Rapid7 is an “at-will” employer. That means that both employees and Rapid7 have the right to terminate employment at any time, with or without advance notice, and with or without cause. Employees also may be demoted or disciplined and the terms of their employment may be altered at any time, with or without cause, at the discretion of Rapid7.
Your offer is contingent upon (1) successful completion of a routine background investigation and references; (2) signing of the Rapid7 Confidentiality, Assignment, and Non-Solicitation Agreement; (3) signing of the Rapid7 Release Form; and (4) signing of the Rapid7 Employee Handbook, which acknowledges all Rapid7 policies. You also must establish your identity and authorization to work as required by the Immigration Reform and Control Act of 1986 (IRCA). Under separate cover you will receive a copy of the Employment Verification Form (I-9), with instructions required by IRCA.

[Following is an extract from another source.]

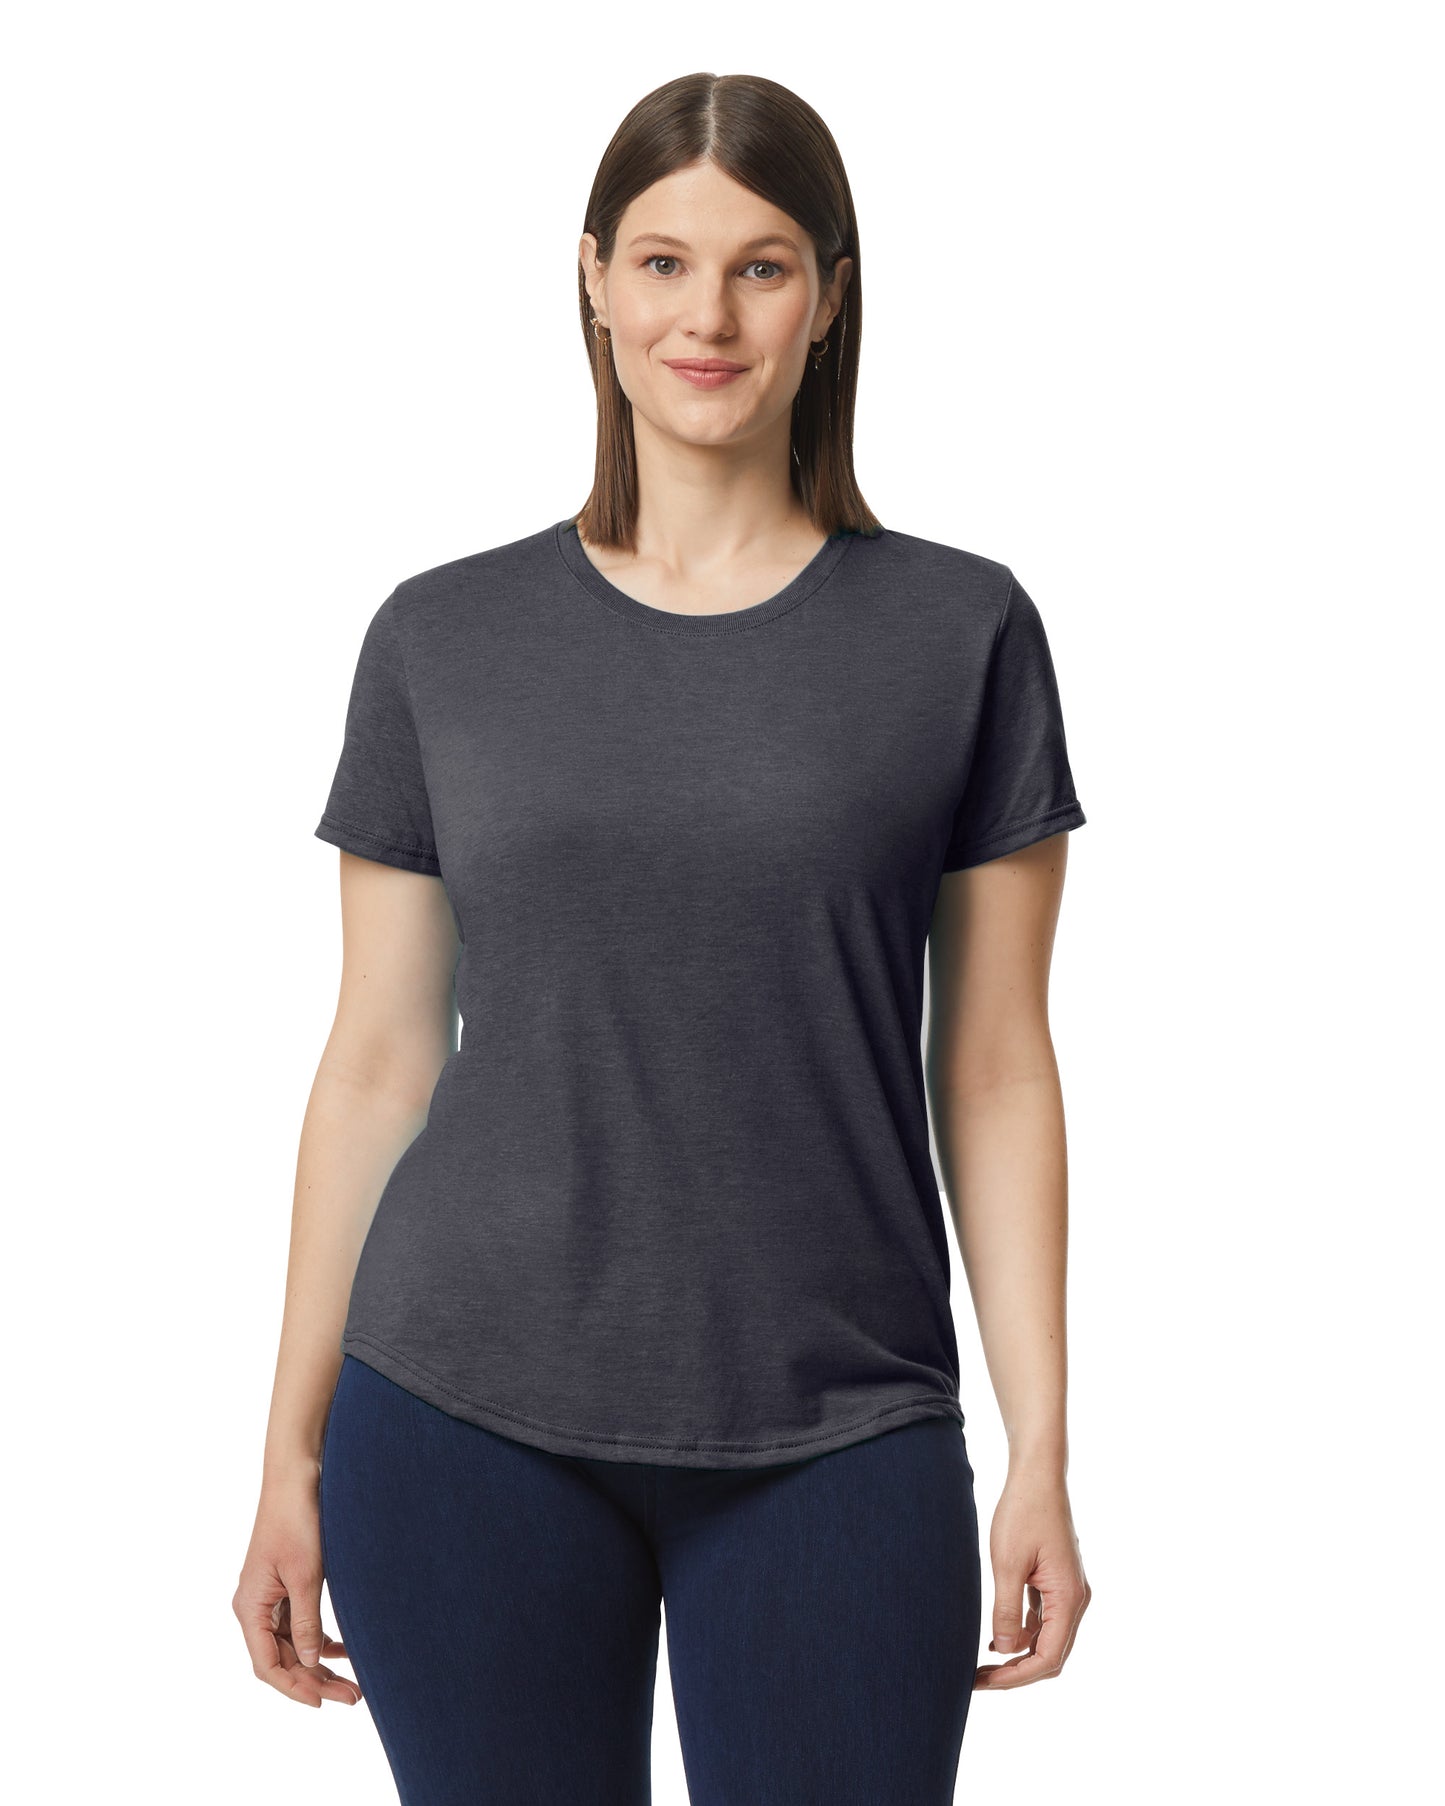 Ladies Softest Tri-blend Heather T-shirts

This letter sets forth our entire agreement and understanding regarding the terms of your employment with Rapid7 and supersedes any prior representations or agreements, whether written or oral. This letter may not be modified in any way except in a writing signed by Rapid7 and you.
If you have questions regarding any of the foregoing, please do not hesitate to contact us. If you agree to the terms and conditions of set forth in this letter, please sign this letter where indicated below.
We look forward to your favorable reply regarding the above and to working with you at Rapid7. We are excited for you to become a part of the Rapid7 team.
Sincerely,
/s/ Christina Luconi | ||
Christina Luconi, Chief People Officer |
I agree to the terms set out in this letter.